Leave every picture out and return the rest of the listing verbatim.

Raw data
# # # #

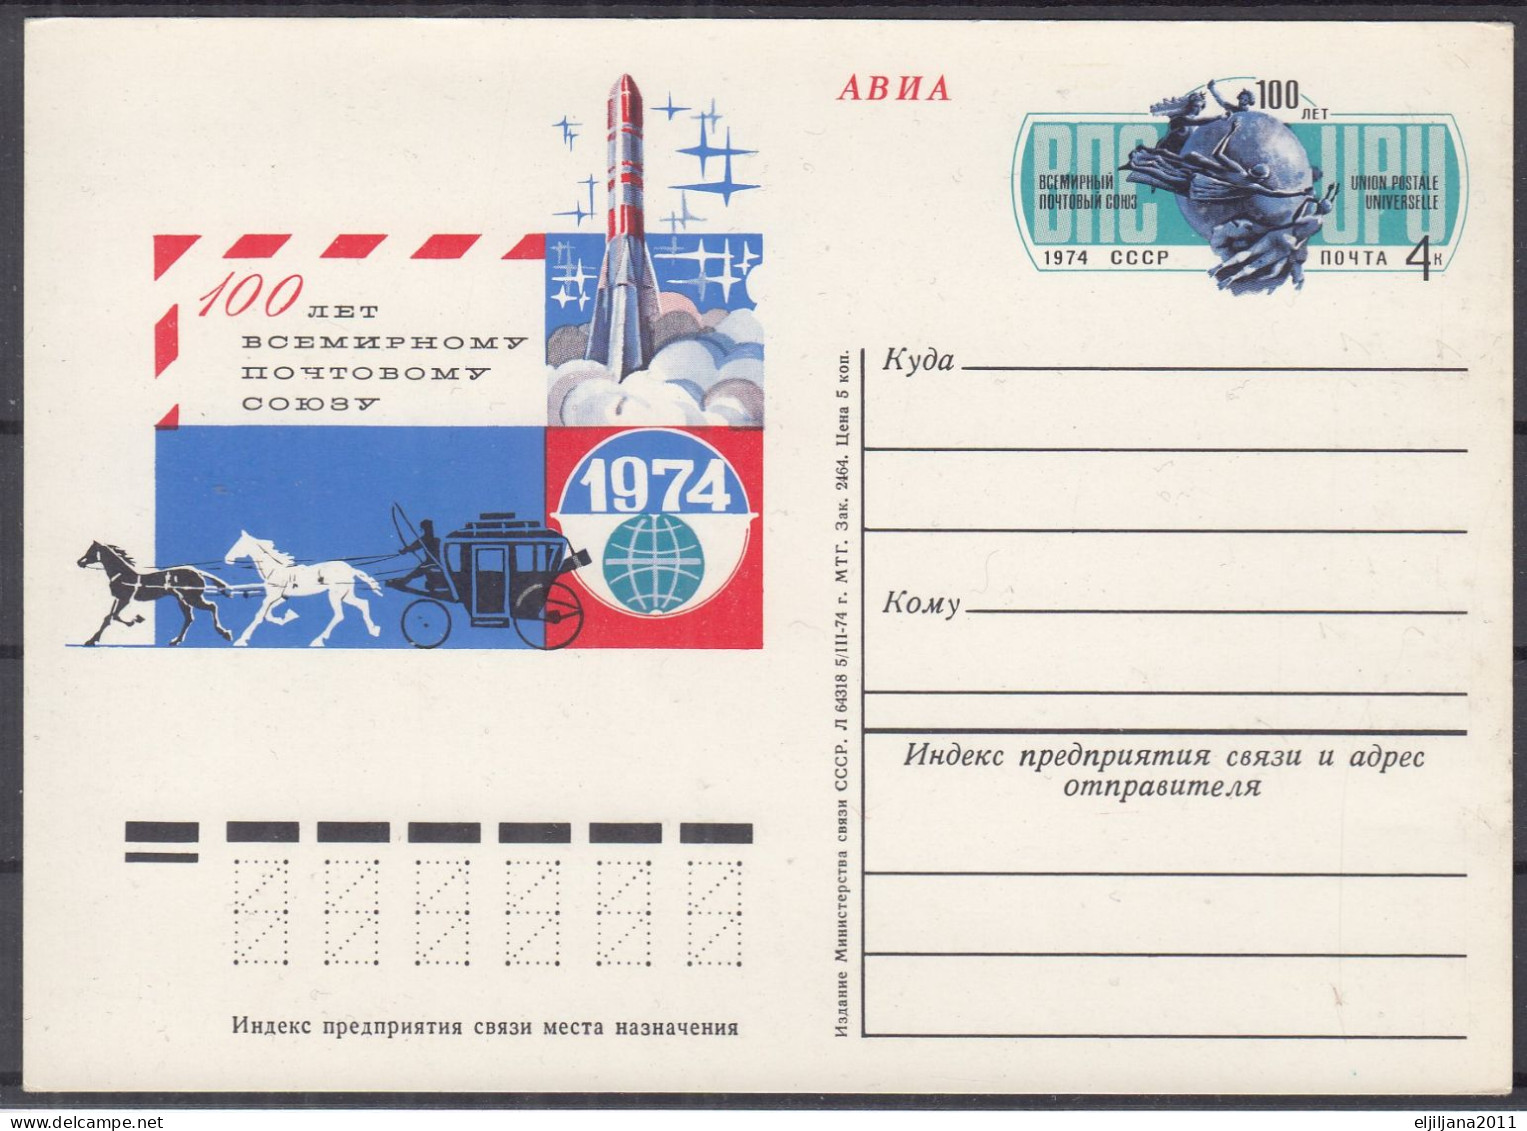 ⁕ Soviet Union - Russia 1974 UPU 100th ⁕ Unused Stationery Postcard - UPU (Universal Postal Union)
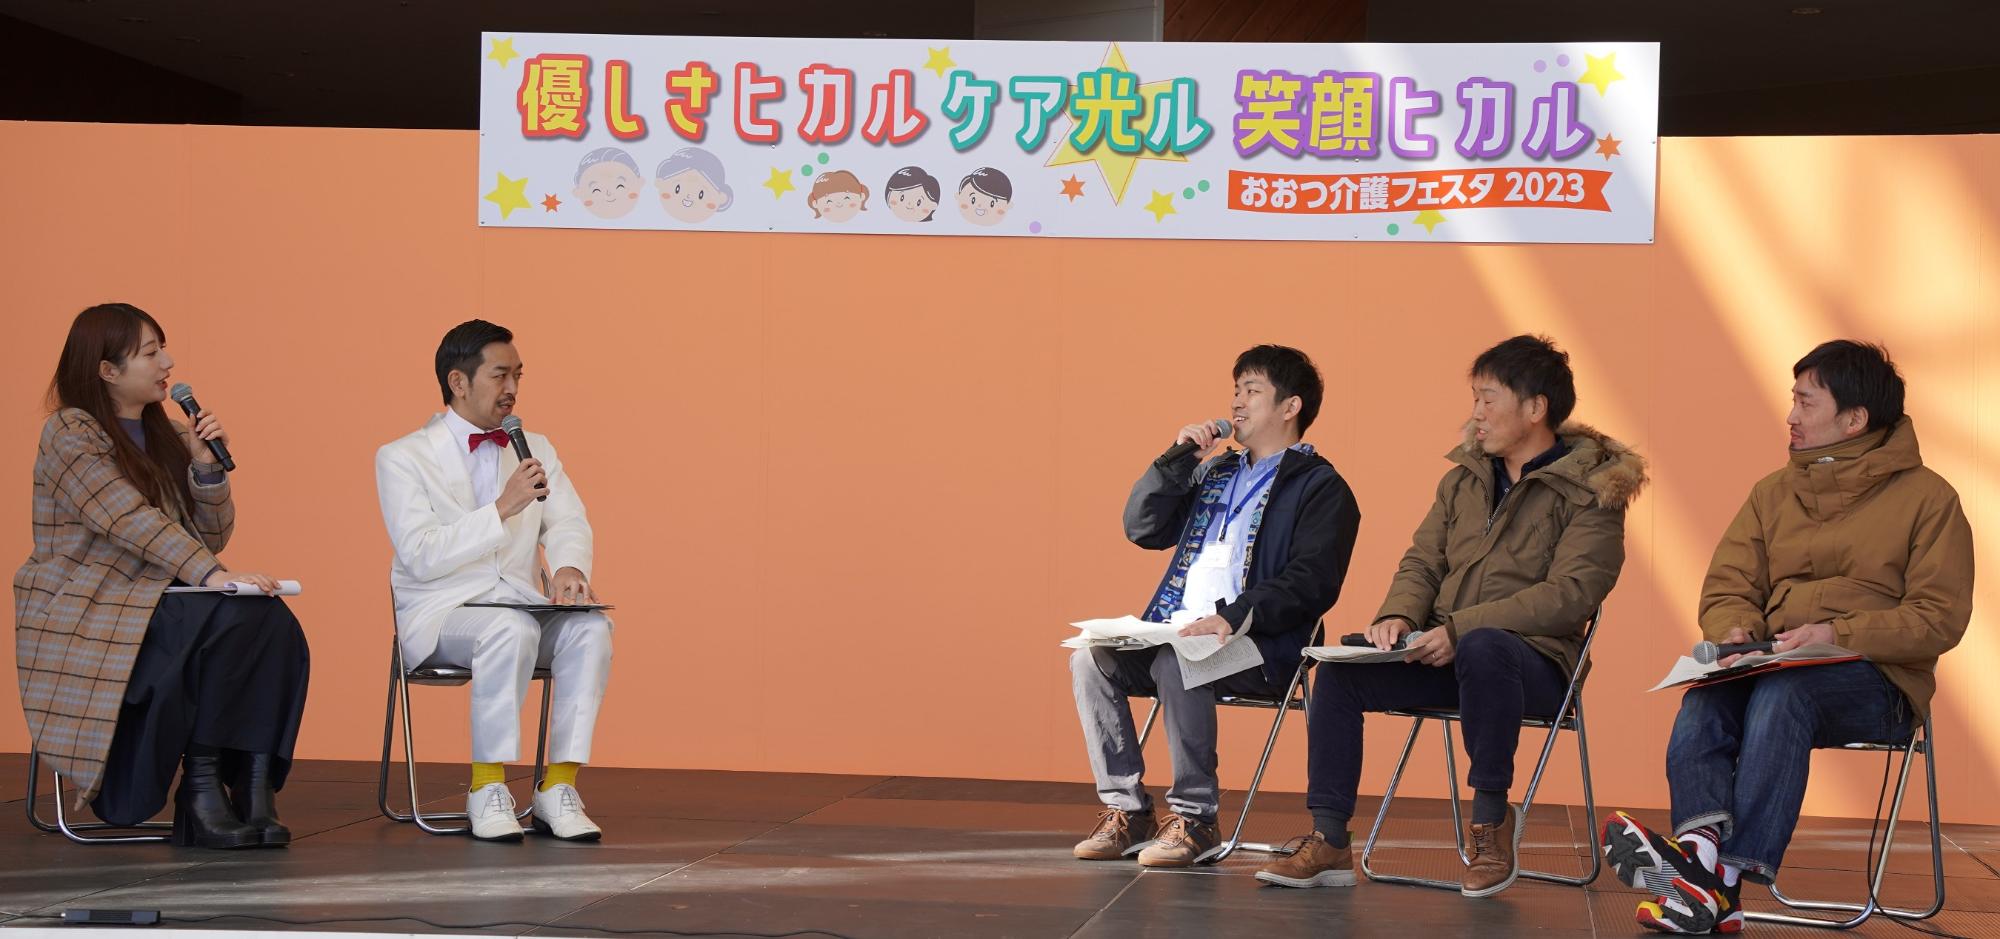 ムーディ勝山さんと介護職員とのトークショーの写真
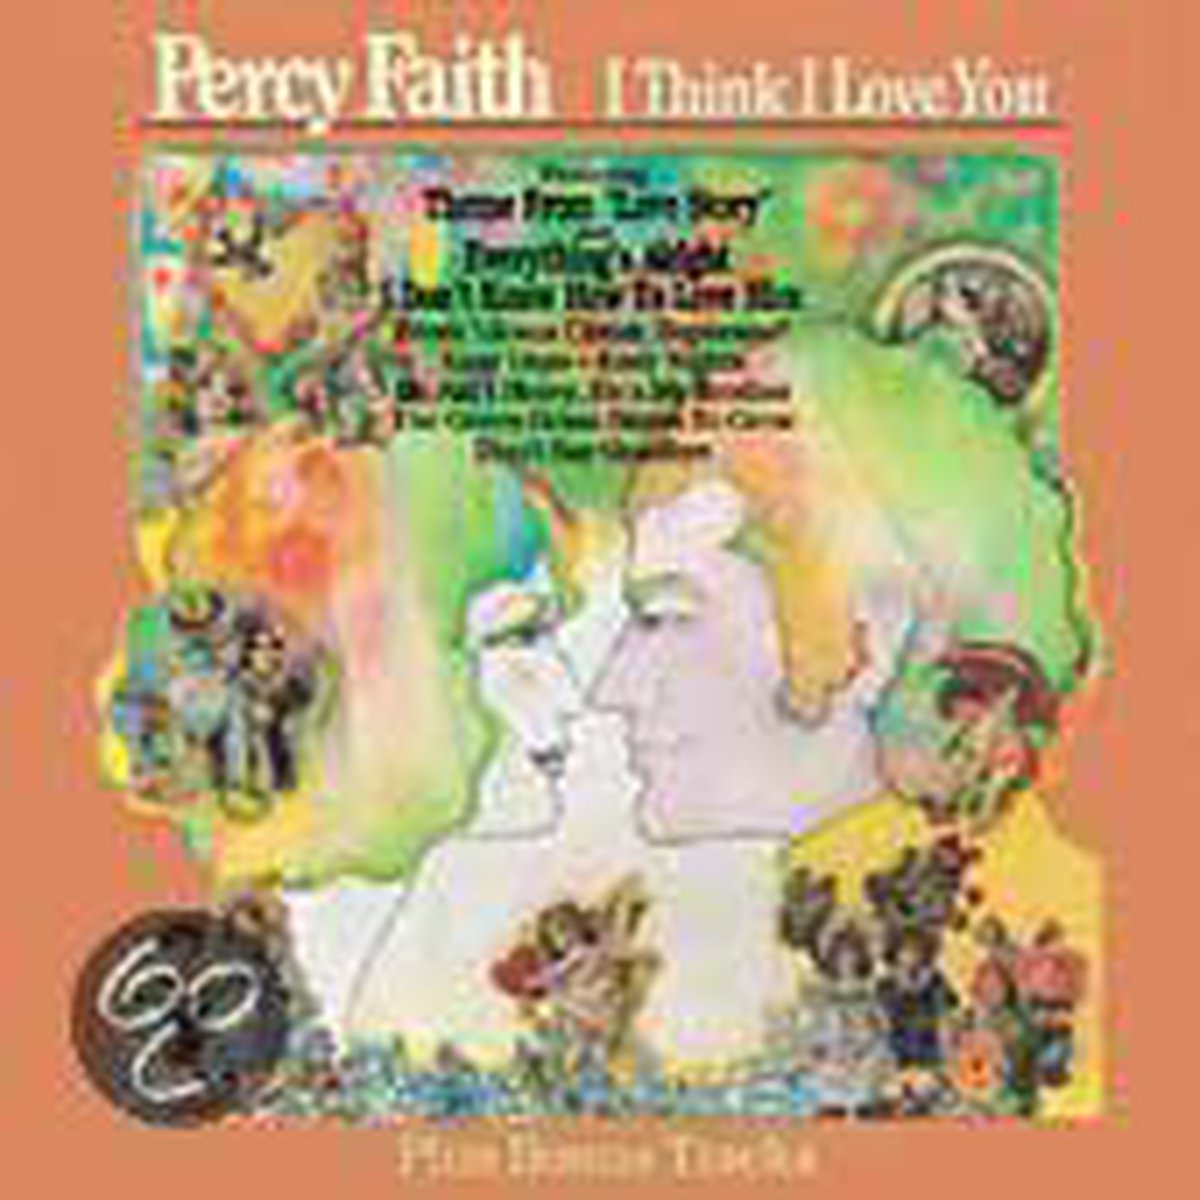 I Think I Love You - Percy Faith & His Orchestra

# # # #

Task result
 ⁕ Soviet Union - Russia 1974 UPU 100th ⁕ Unused Stationery Postcard - UPU (Universal Postal Union)
 ムーディ勝山さんと介護職員とのトークショーの写真
 I Think I Love You - Percy Faith & His Orchestra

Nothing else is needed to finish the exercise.